俺は、死んでしまったのだろうか。あの裏切り者、ロイ・レーベンバンクの手によって殺されてしまったのだろうか。身体は動く。だが、地に足はついていない。ここが地獄という場所だろうか。辺りは暗く、何も聞こえず、そして誰も周りにはいない。別に俺が死んでしまっても良い。ただ……あの子の事が、シルヴィの事だけが気がかりだ。俺のような矮小な存在に、あの子の顔を歪ませるのは気に食わない。結局のところ彼女さえも守れずに、俺は死んでいくのだ。


 嫌だ。死にたくない。せめて……シルヴィだけはこの手で守りたかった。命を殺める事しか知らなかったこの俺に、彼女は人の命を守る事を教えてくれた。フィルの復讐を手助けし、彼に新たな道を指し示したのも彼女がいなければできなかった事だ。ヴィクターとレーヴと共に真実を突き詰め、多くの人間とエルフを助けたのも。

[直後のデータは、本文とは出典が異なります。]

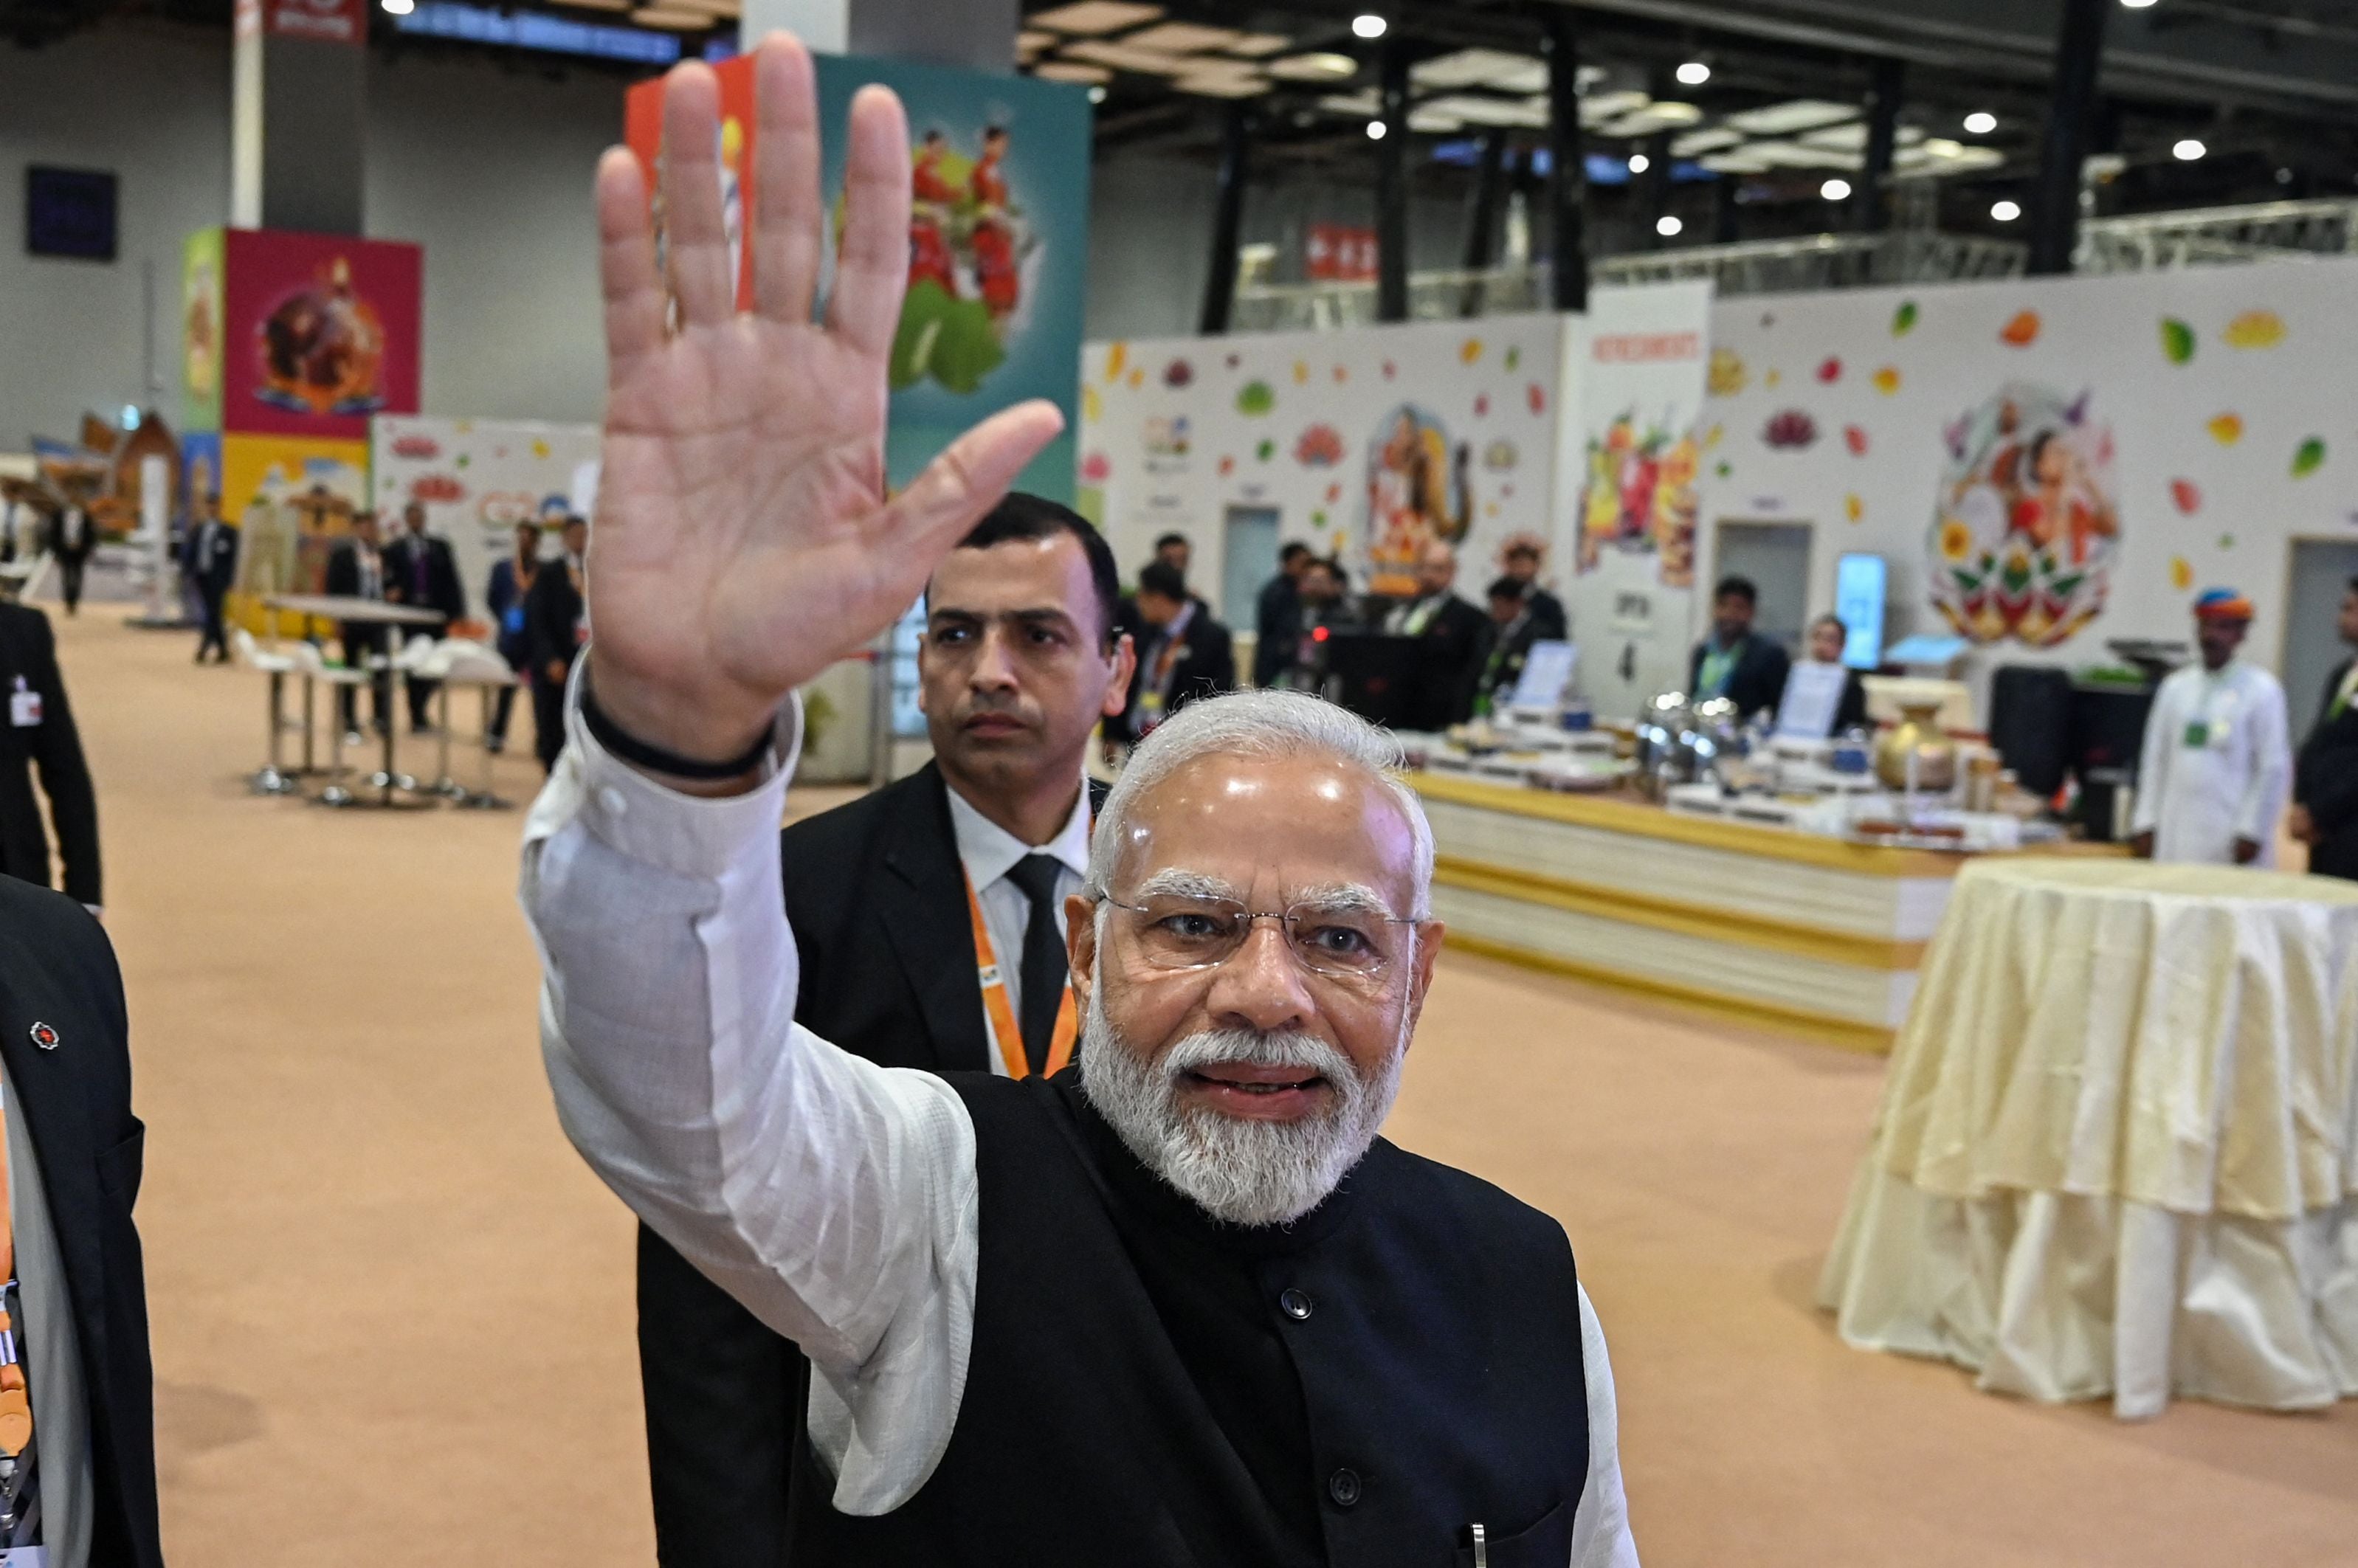 India's Prime Minister Narendra Modi (C) waves to the media during his visit to the International media centre, at the G20 summit venue

 "近衛雷蔵"。首斬としか呼ばれなかった俺に、シルヴィが付けてくれた第二の名前と人生。人の近くに立ち、そして(まも)る。それが、近衛と呼ばれる所以。時が許すのならば俺は彼女と共に旅を続けたかった。彼女が何を為すのか、一番近くで見守りたかった。だが、それももう終わり。俺は結局、シルヴィを悲しませる事しか出来なかった。


「……やあ、雷蔵。久しぶりだね」


 聞き覚えのある、若い男の声。背後から掛けられたその声に、俺は振り向く。金槌を肩に担ぎながら微笑む、短い黒髪の男――志鶴長政。俺の唯一無二の友であり、そして自らの手で殺した男。既に変わり果てた俺の姿を見た長政は、相変わらずの屈託のない笑みを浮かべている。


「長政……俺は……」

「何も言うな。それに時間が無い。率直に言うよ、お前は今――」


 死にかけている。彼の放つ言葉が手に取るように分かった。無理もない、ロイの剣技は悔しくも俺より遥かに上だ。見た事も無い双剣術に感情の高ぶりだけを持って挑むなど、武人として最も度し難い行為だ。だが、男としては間違ってはいない事だけは分かる。そんな俺を見かねたのか、長政は近づいてきた。


「どうすればいい? どうすれば俺は彼女を守れる? 」

「死ぬ気は更々ない、か……お前らしいな、雷蔵」


 苦笑を浮かべつつ、俺の身体は無理やり長政の背後へと追いやられた。そして儚げに光っていた一筋の線が、次第に広がっていく。


「何を……」

「俺の命を預ける。と言っても、もう俺は死んでるんだけどね。気にしないで、親友だろう? 」


 またお前ははにかんで、俺を助けるのか。あの時の処刑のように。またお前は、俺に希望を託すのか。一筋の光はすさまじい勢いで周囲に広がっていく。そして同時に、あいつの声も掠れていく。


「……も……じの……と……のんだ……よ……」


 あぁ。分かってる。彼女もシルヴィも、全て俺が助ける。そうして、俺の視界には眩しすぎる程の光が満ち溢れた。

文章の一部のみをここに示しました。